Maybe that is an unfair questions, but not because most salespeople are good.  It is an unfair question because half of the blame resides with the customer.  That’s right.  The guy on the other side of the table, the one with the checkbook, the furrowed browed guy who keeps looking at the price page of your proposal?  Yes, that guy.  He has been taught by you and dozens of your peers over the years that he needs to protect his company against you and your ilk, because he thinks that you’re out for yourself, trying to charge as high a price as possible, and will then head off to your condo in Maui for two weeks and ignore his phone calls.

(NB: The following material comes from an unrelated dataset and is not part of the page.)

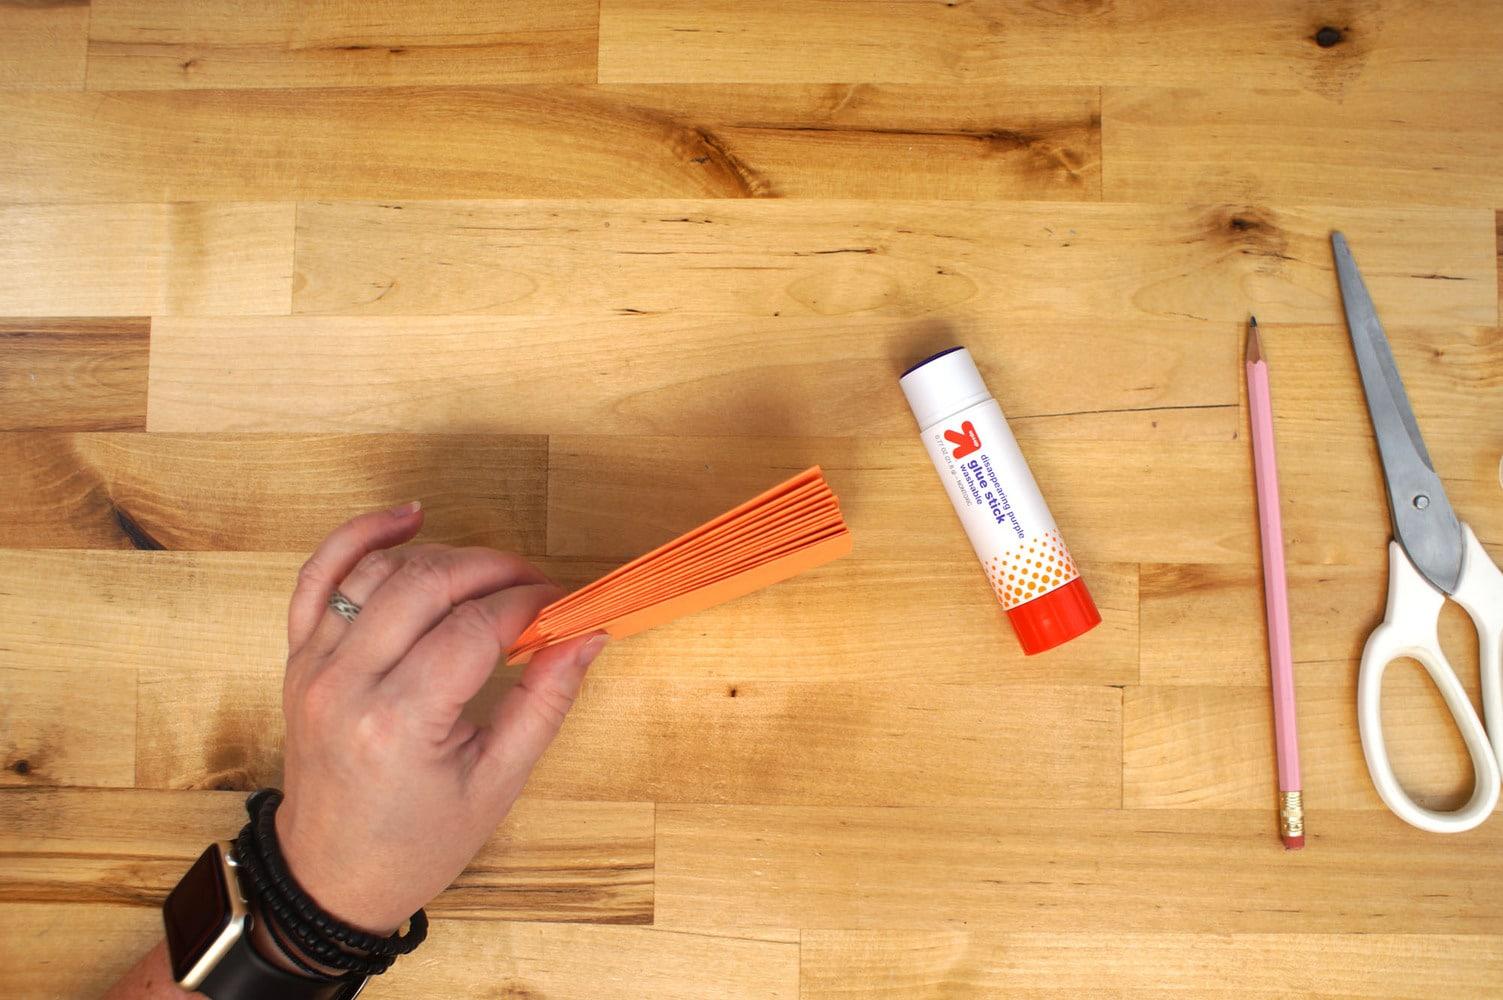 hand holding a stack of orange paper pumpkin slices together for gluing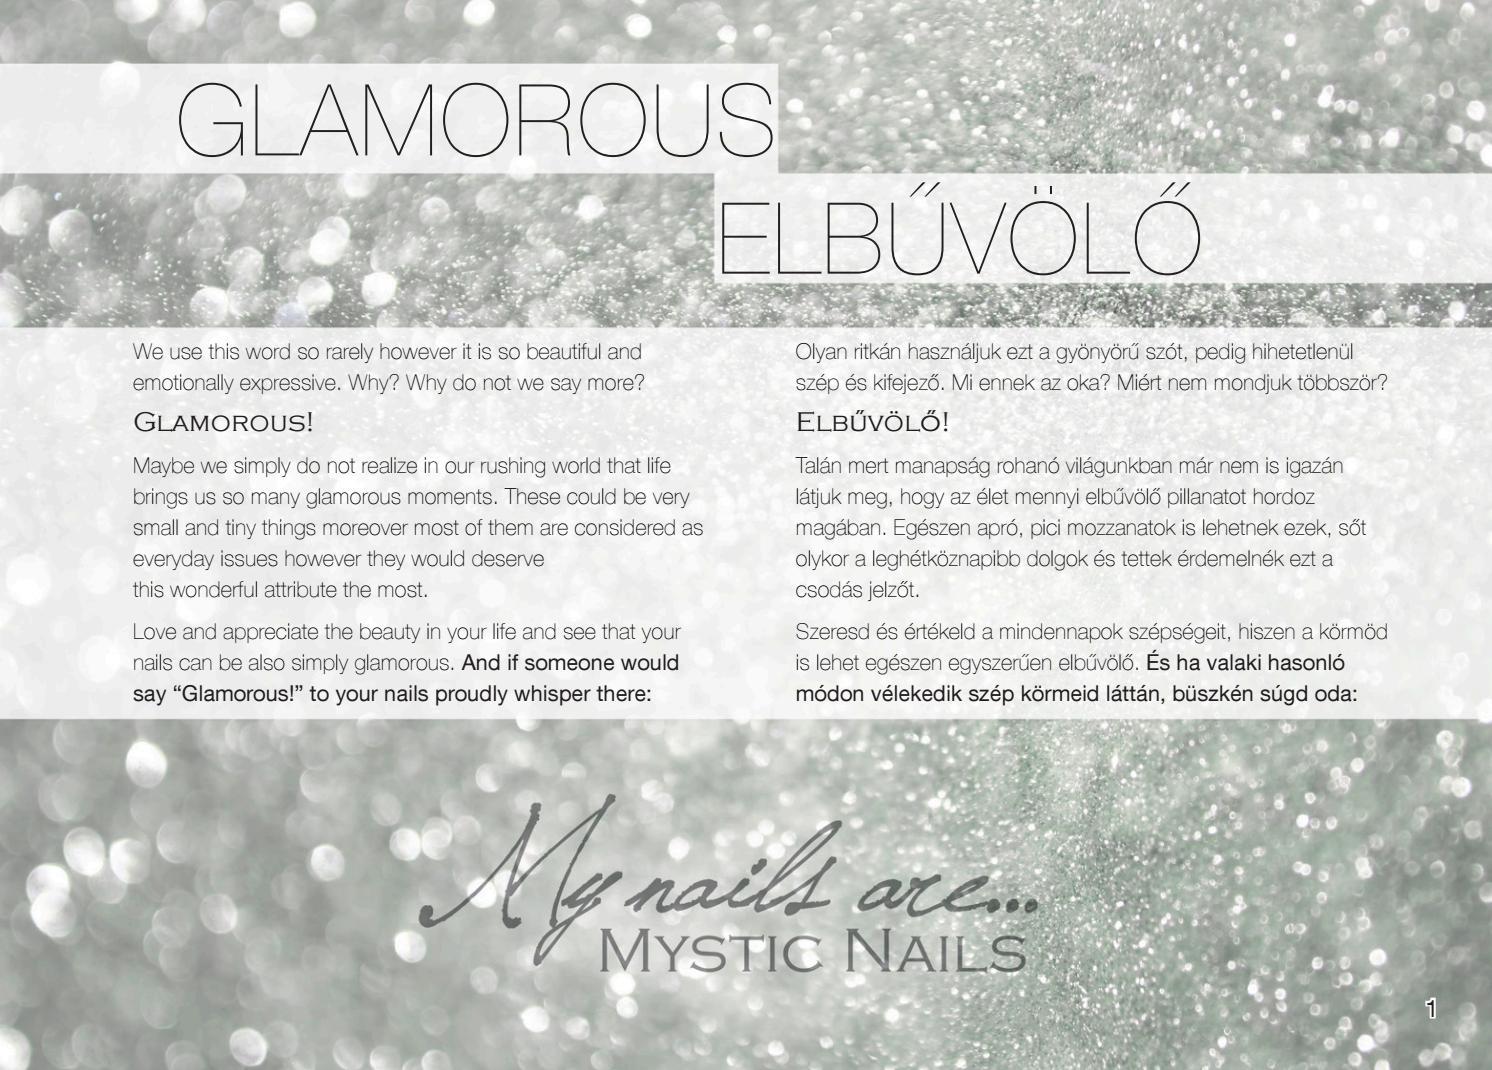 6a81b047de Catalogue 2016 hu en 2016 május belív issuura by Mystic Nails - issuu

Is it the buyer’s fault that they see salespeople as adversaries instead of partners?  I don’t think so.  But there is a better way forward for salespeople.  If you choose your prospects and clients carefully, if you can develop a relationship to the level where they are willing to learn from you why your product or service is the best overall value, and you can then have them bring you up through their company to the decision makers, then you can dramatically improve your sales and waste far less time.

This is not hard stuff.  I’ve been successful selling this way for decades, and I’m as lazy as a salesman can get.  Maximum results for minimum effort is my goal.  I have taught these skills around the world in various formats, from two day crash courses to week long full immersion courses.  You can get the same information right here (minus the important student interaction portions, unfortunately) on this blog.  So go ahead and bookmark this page and come back to it for the next chapter at least once a week.  I’ll do my best to make it worth your while.

And the car fiasco?  Finally, one dealership figured out how I wanted to buy, followed my format, and sold me the car.  He wasn’t the cheapest, but he made it the easiest for me, and with this purchase, that is what I was looking for.